By the 1860s, sodomy was a vice that was once again beginning to exercise, to agitate, to vex society. Hardly a week passed without some veiled – and often not so veiled – references to unnatural or abominable crimes in local and national newspapers.

In January 1866 the journalist James Greenwood anonymously published three articles in the
Pall Mall Gazette
. ‘A Night in the Workhouse’ was Greenwood’s sensational account of the night he passed in the casual ward of the Lambeth workhouse, the locked male ward where the dispossessed and the dislocated could pass the night; all the vagrants, trampers, ex-convicts and assorted riff-raff who had fetched up hungry and homeless and hopeless on the streets of Lambeth.

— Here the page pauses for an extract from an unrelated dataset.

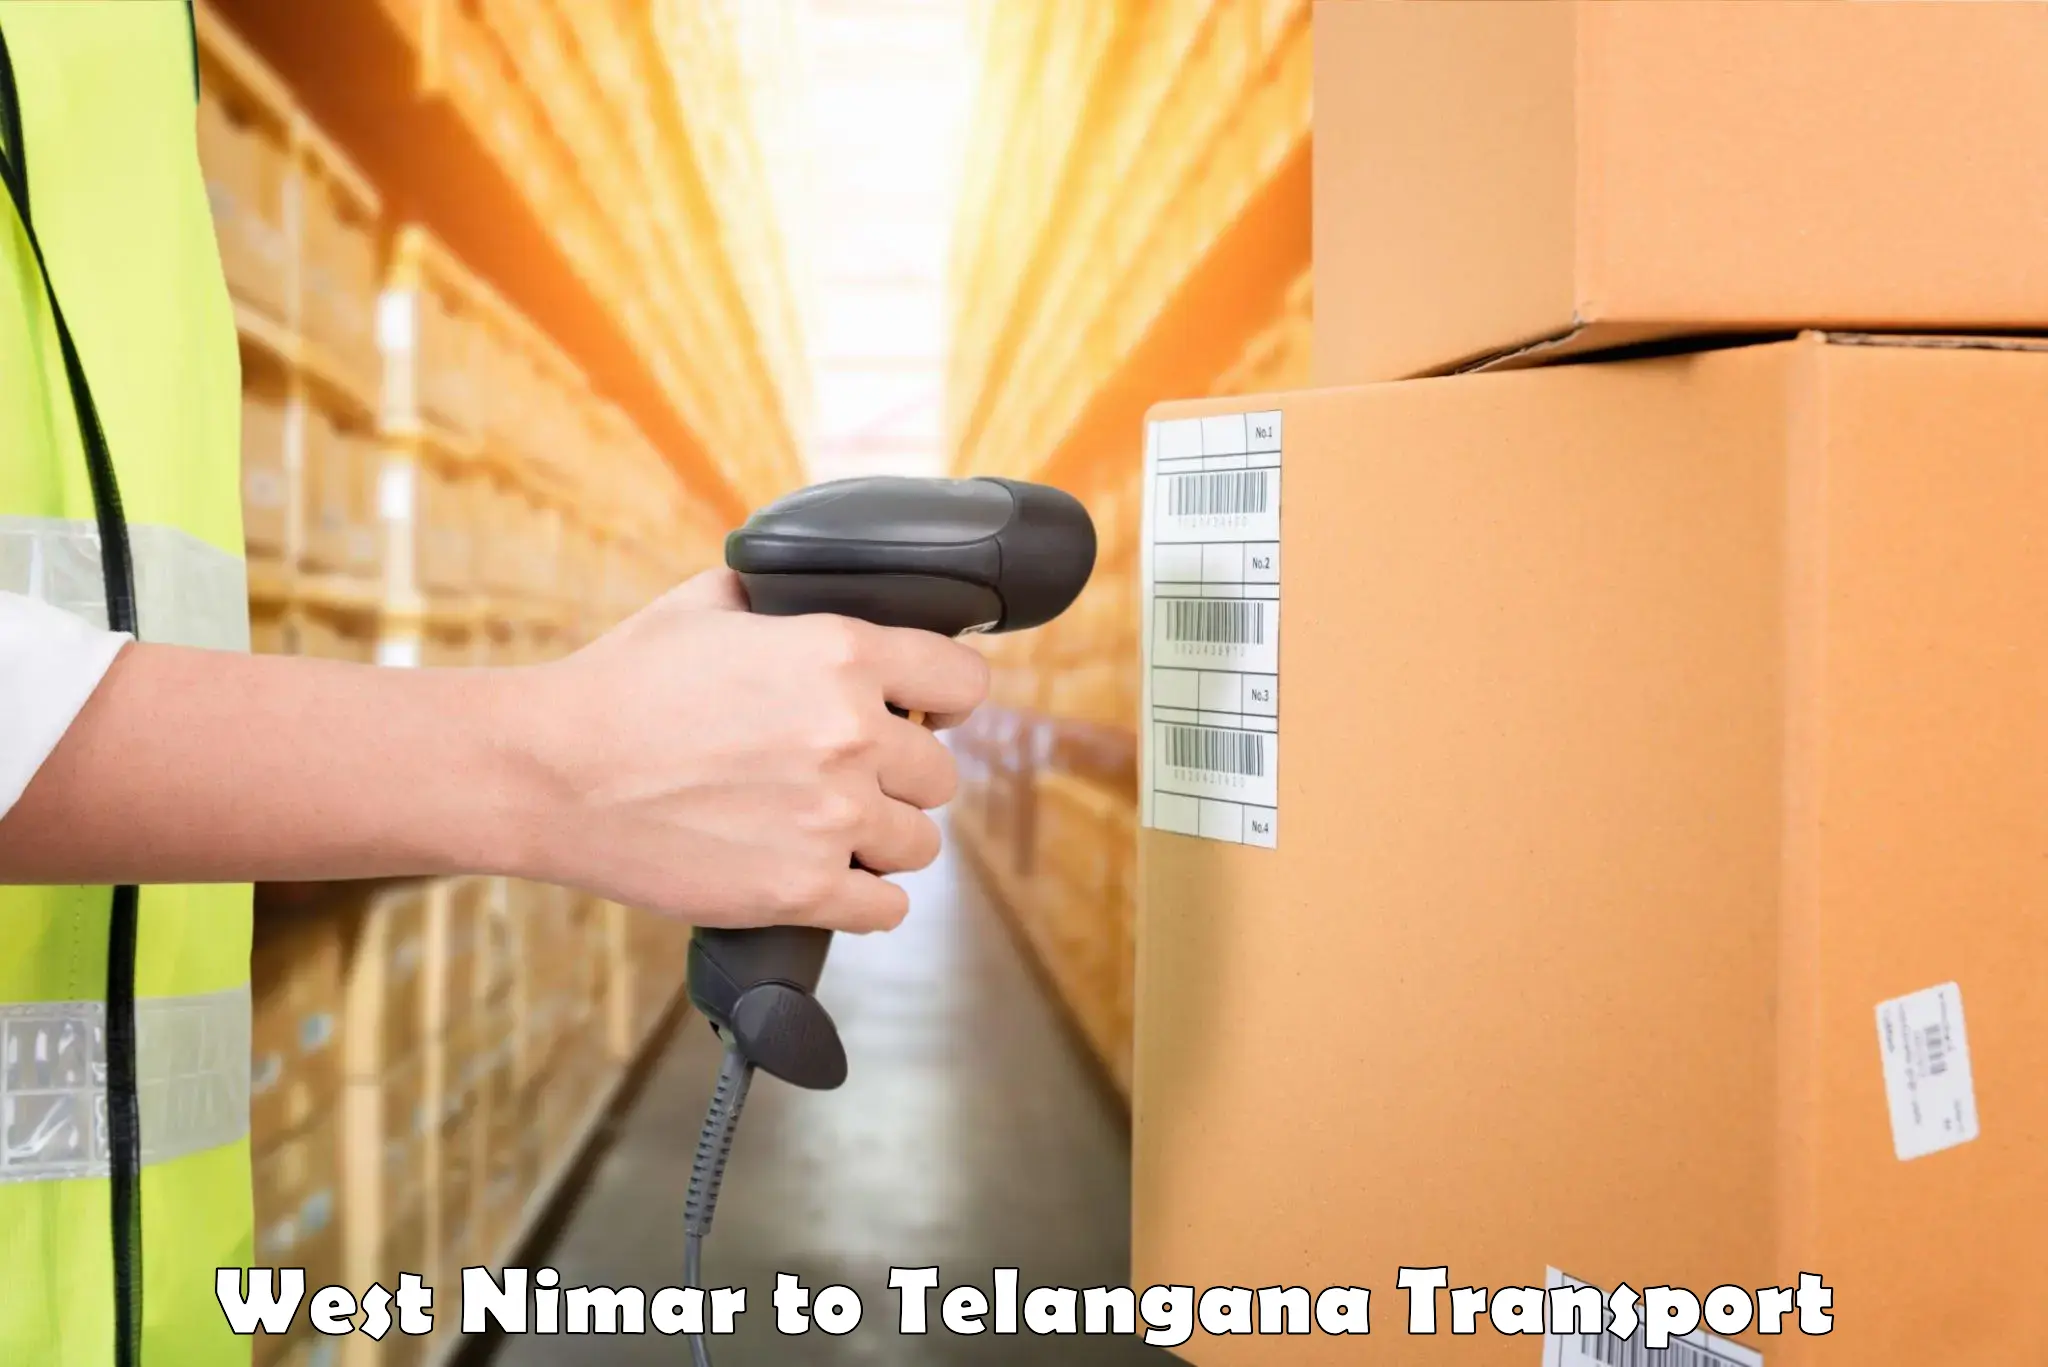 Container transport service West Nimar to Hajipur Mancherial
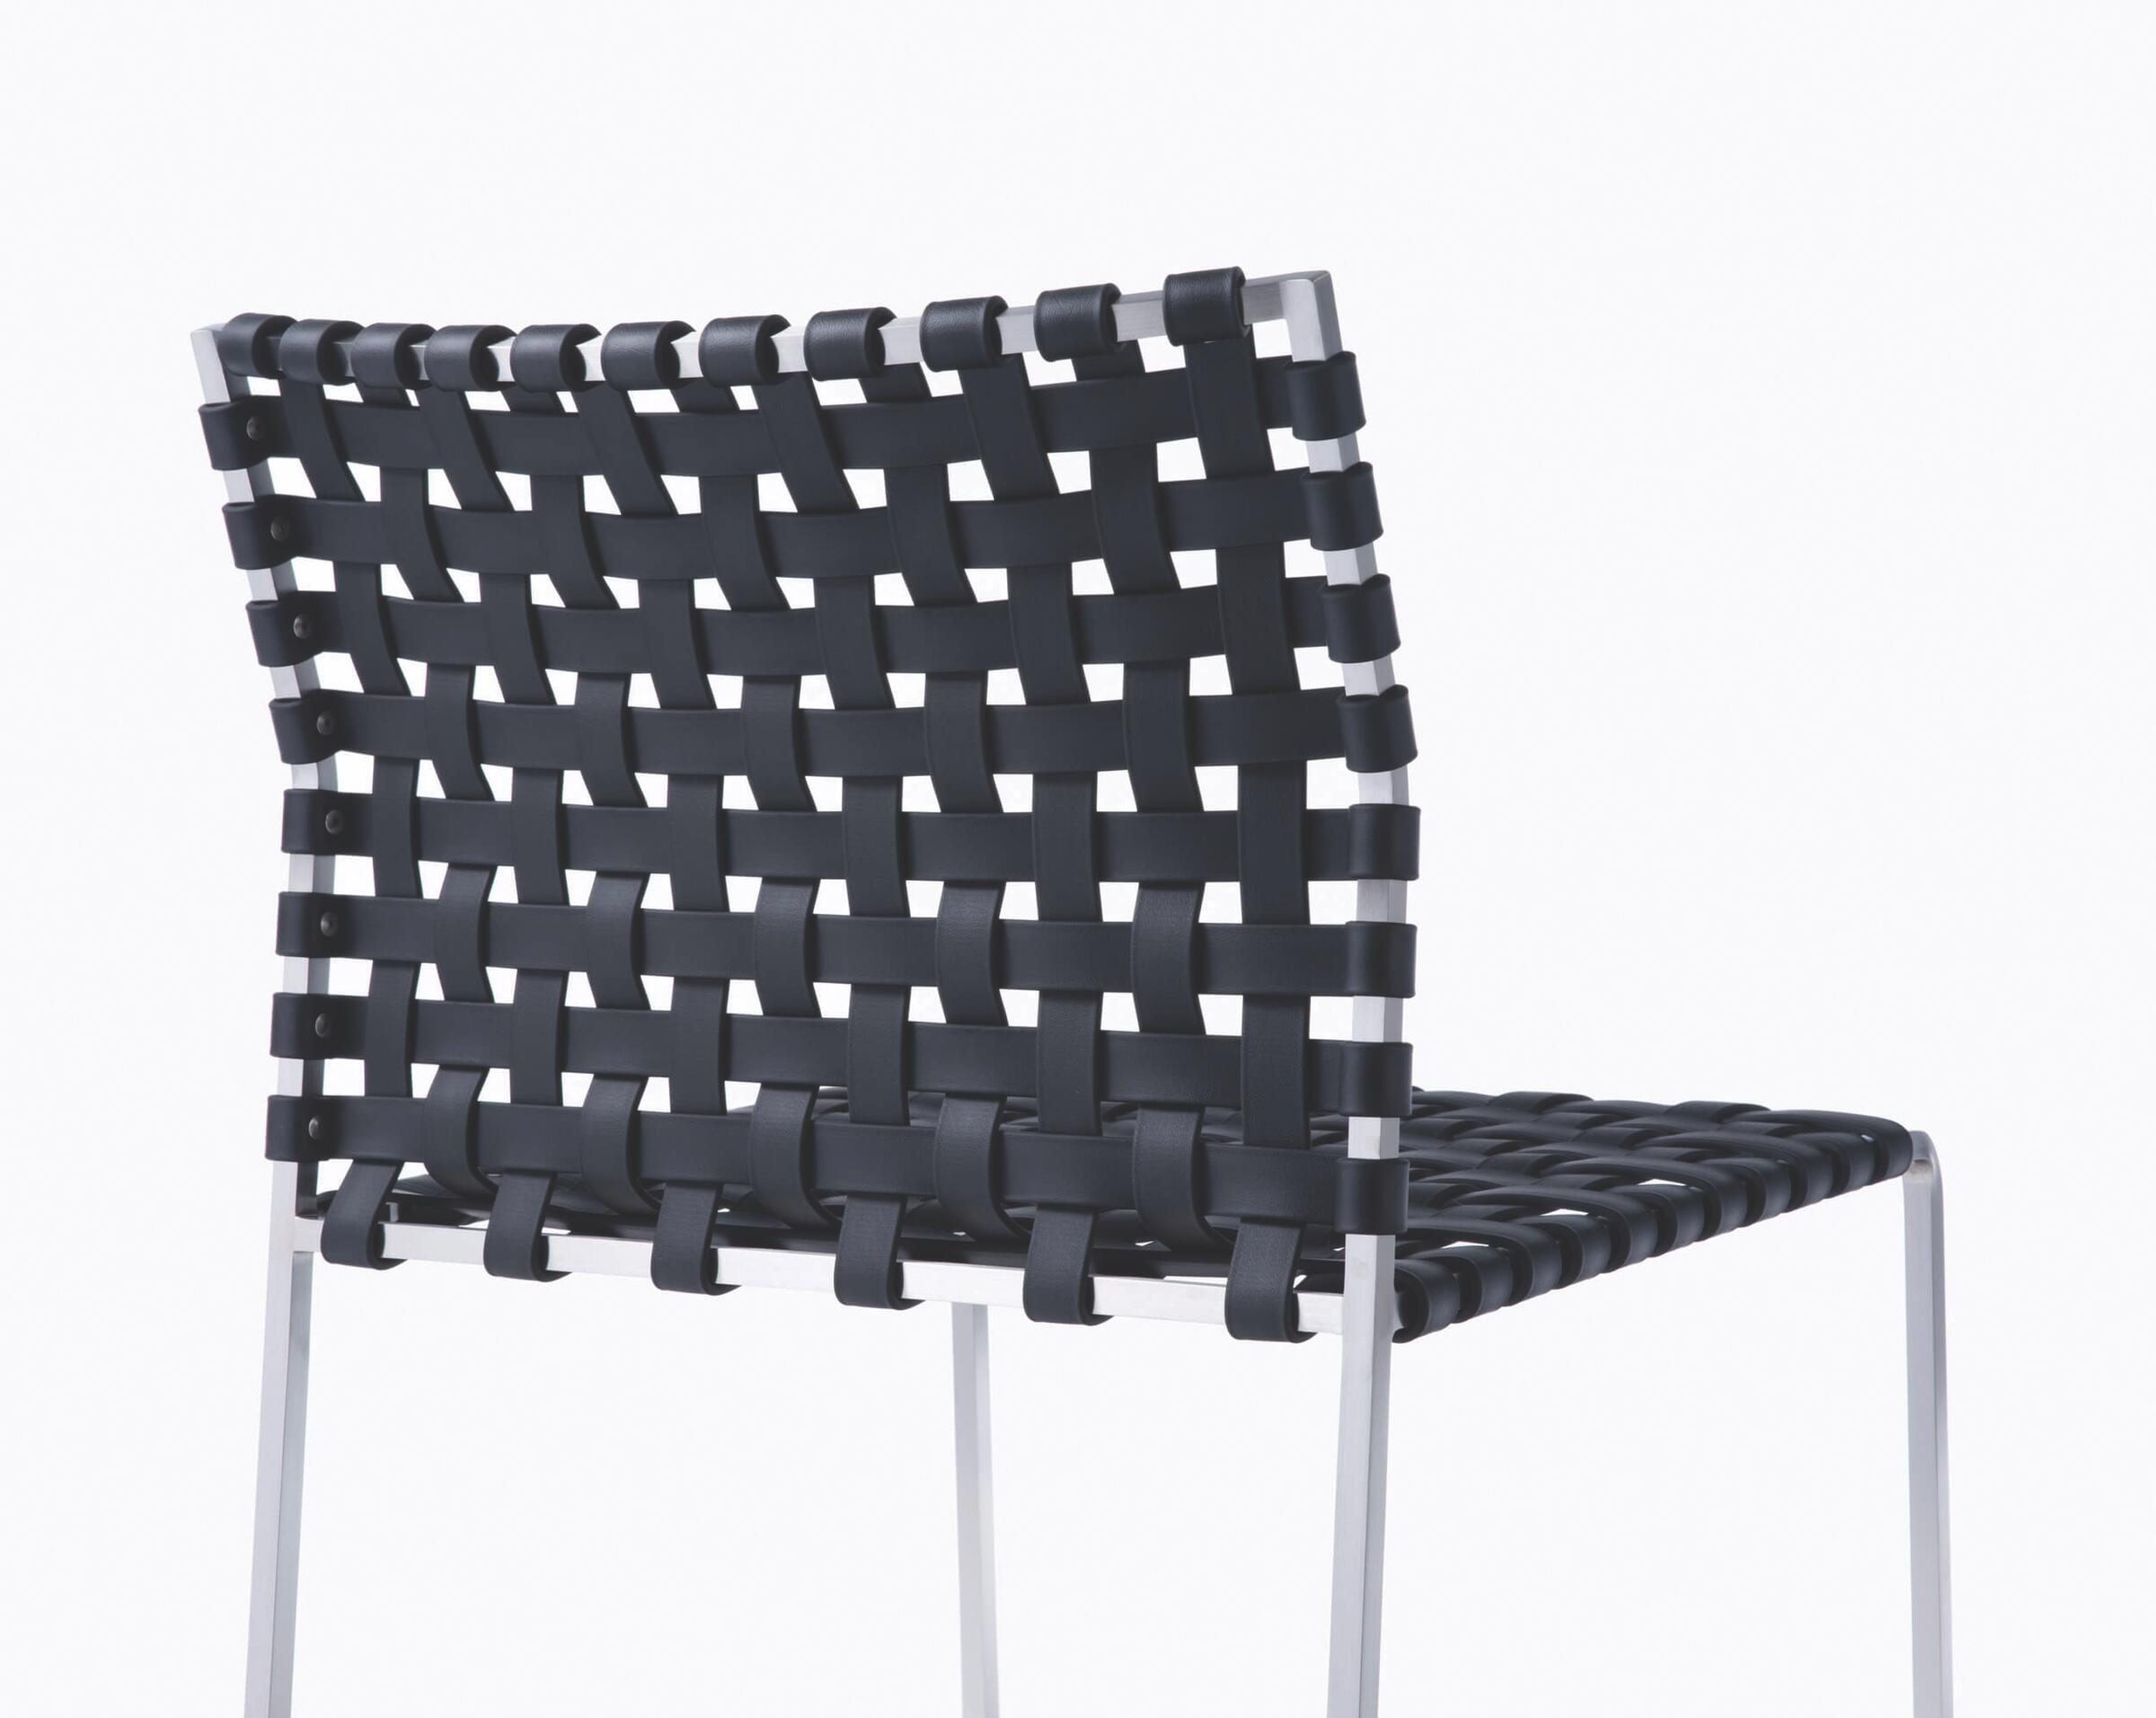 Outdoor Side Chair

It was a shocking revelation of human degradation; of poverty, dirt, disease and, most shockingly of all, of raw and unrestrained – almost feral – sodomy between men and between men and boys. As he witnessed naked ‘great hulking ruffians’ and ‘dirty scoundrels’ seeking bedmates for the night, as he lay in the dark listening to the ‘infamous’ sexual noises of the night, Greenwood ‘could not help thinking of the fate of Sodom’.

There was new knowledge of old sins; new scientific facts were being formulated. In
Hard Times
, Charles Dickens’s novel of industrial life, Thomas Gradgrind, the cruel factory owner, is a man obsessed with facts:

‘Now, what I want is Facts,’ said Mr Gradgrind. ‘Teach these boys and girls nothing but Facts. Facts alone are wanted in life. Plant nothing else, and root out everything else. You can only form the minds of reasoning animals upon Facts: nothing else will ever be of service to them . . . Stick to Facts, sir!’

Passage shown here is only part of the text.